2. 22. The sensing glove of claim 1, wherein the force sensor array is coupled with a flexible circuit arranged on a palmar side of the fingertip, and wherein the motion sensor is coupled with another flexible circuit arranged on a dorsal side of the fingertip.
3. 33. The sensing glove of claim 1, wherein the glove comprises a textile, and wherein the force sensor array is one of a plurality of force sensor arrays coupled with finger sections of the glove via the textile.
4. 44. The sensing glove of claim 1, wherein the measurement includes a) a pressure distribution from the force sensor array, and b) an orientation of the finger relative to a wrist portion of the glove.
5. 55. The sensing glove of claim 1, wherein the feedback includes illumination of a light emitting diode (LED) coupled with the glove.

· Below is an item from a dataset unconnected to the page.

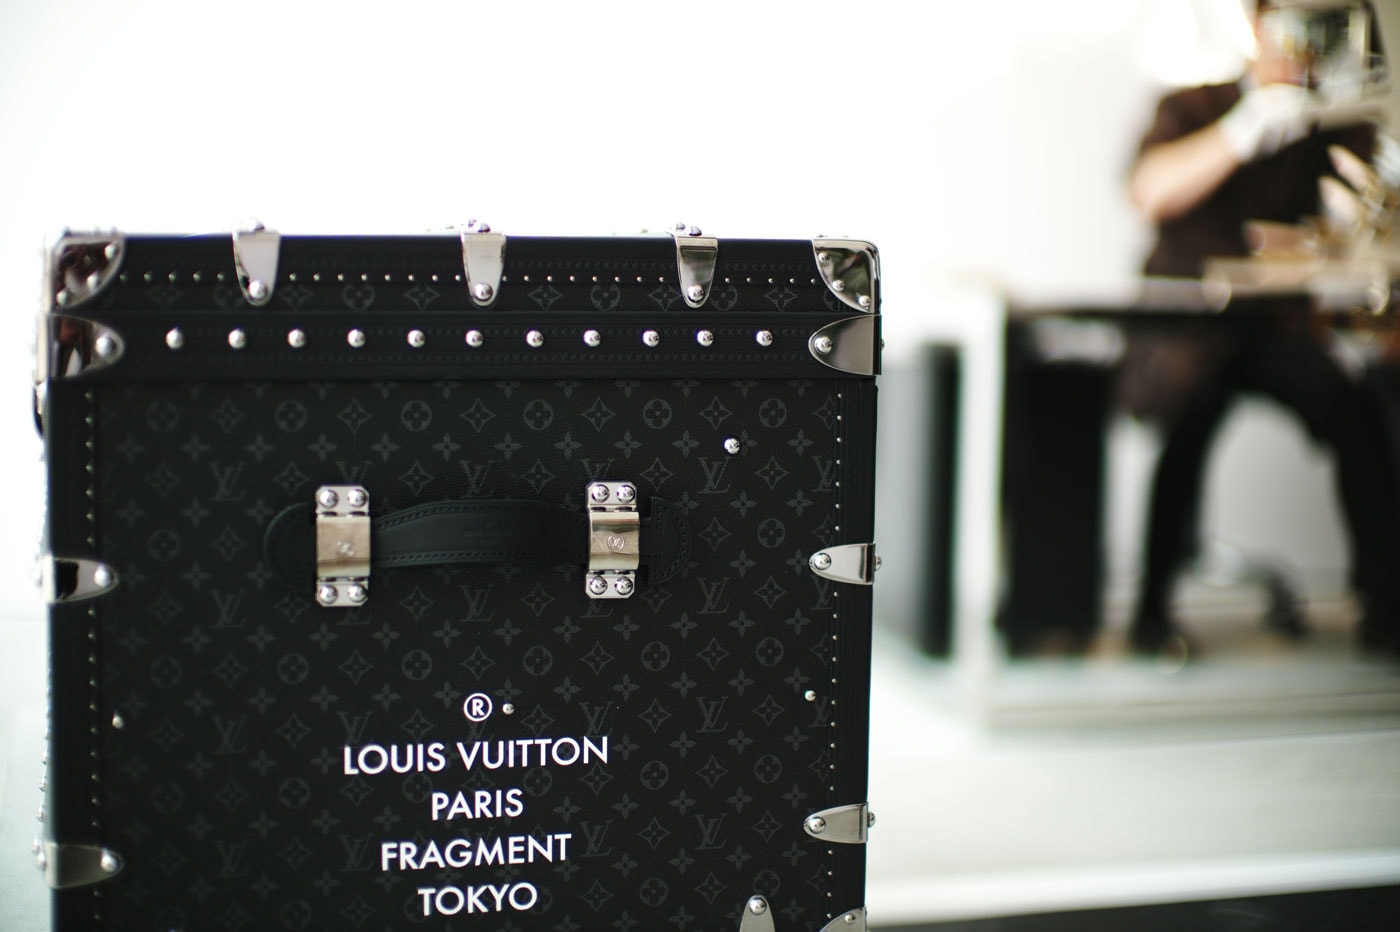 Fragment Design x Louis Vuitton Merchandise Being Resold Online

6. 66. The sensing glove of claim 1, further comprising: a haptic actuator coupled with the glove, wherein the feedback includes haptic feedback applied via the haptic actuator.

BACKGROUND
Field
This disclosure relates generally to sensing gloves and, more specifically, to utilizing sensing gloves for performing tasks. Other aspects are also described.
Background Information
A sensor may refer to a device that produces an output signal for detecting a physical phenomenon. A group of sensors may form a sensor array which may be used for collecting information about an environment. Sensors of a sensor array may be arranged in a certain geometric configuration or pattern. Sensor arrays may enable collecting information over a greater area than a single sensor, and in two or three dimensions of the environment.
In operation, a sensor of a sensor array can generate an output signal indicating detection of a physical phenomenon. For example, a piezoelectric sensor can utilize the piezoelectric effect to detect changes in pressure, acceleration, temperature, strain, or force by converting such detections to electrical charge. In another example, a capacitive sensor can utilize capacitive sensing to detect an object in proximity that may be conductive or may have a dielectric constant that is different from air.
SUMMARY
Implementations of this disclosure include utilizing a multimodal sensing glove to improve the performance of tasks, including those involving objects and targets. The sensing glove utilizes a combination of sensors and sensor arrays strategically placed on palmar and dorsal sides of the glove to measure a combination of force, motion, temperature, proximity, and/or imaging data (multimodal). The measurements may be taken continuously at a plurality of time intervals as a user wearing the sensing glove (on one or both hands) performs tasks. Each measurement may be compared to a corresponding primary measurement (benchmark) taken based on one or more other users wearing a primary sensing glove to perform the same task. For example, the one or more other users could be an expert or peers of the user having previously performed the task. The primary sensing glove may correspond to the sensing glove (they may be identical, and in some cases, they may be the same sensing glove worn by different users at different times). The comparing, in turn, enables feedback from the system to be given to the user to enable one or more adjustments in performance of the task, such as increasing or decreasing an amount of force or pressure to an object with certain fingers, the thumb, and/or palm, increasing or decreasing an amount of motion with the object at certain times, and/or turning or rotating the object with certain orientations at certain times, with left and/or right hands. As a result, the sensing glove and system may enable teaching users so that tasks may be performed with greater efficiency, less fatigue, and/or breakage of fewer parts.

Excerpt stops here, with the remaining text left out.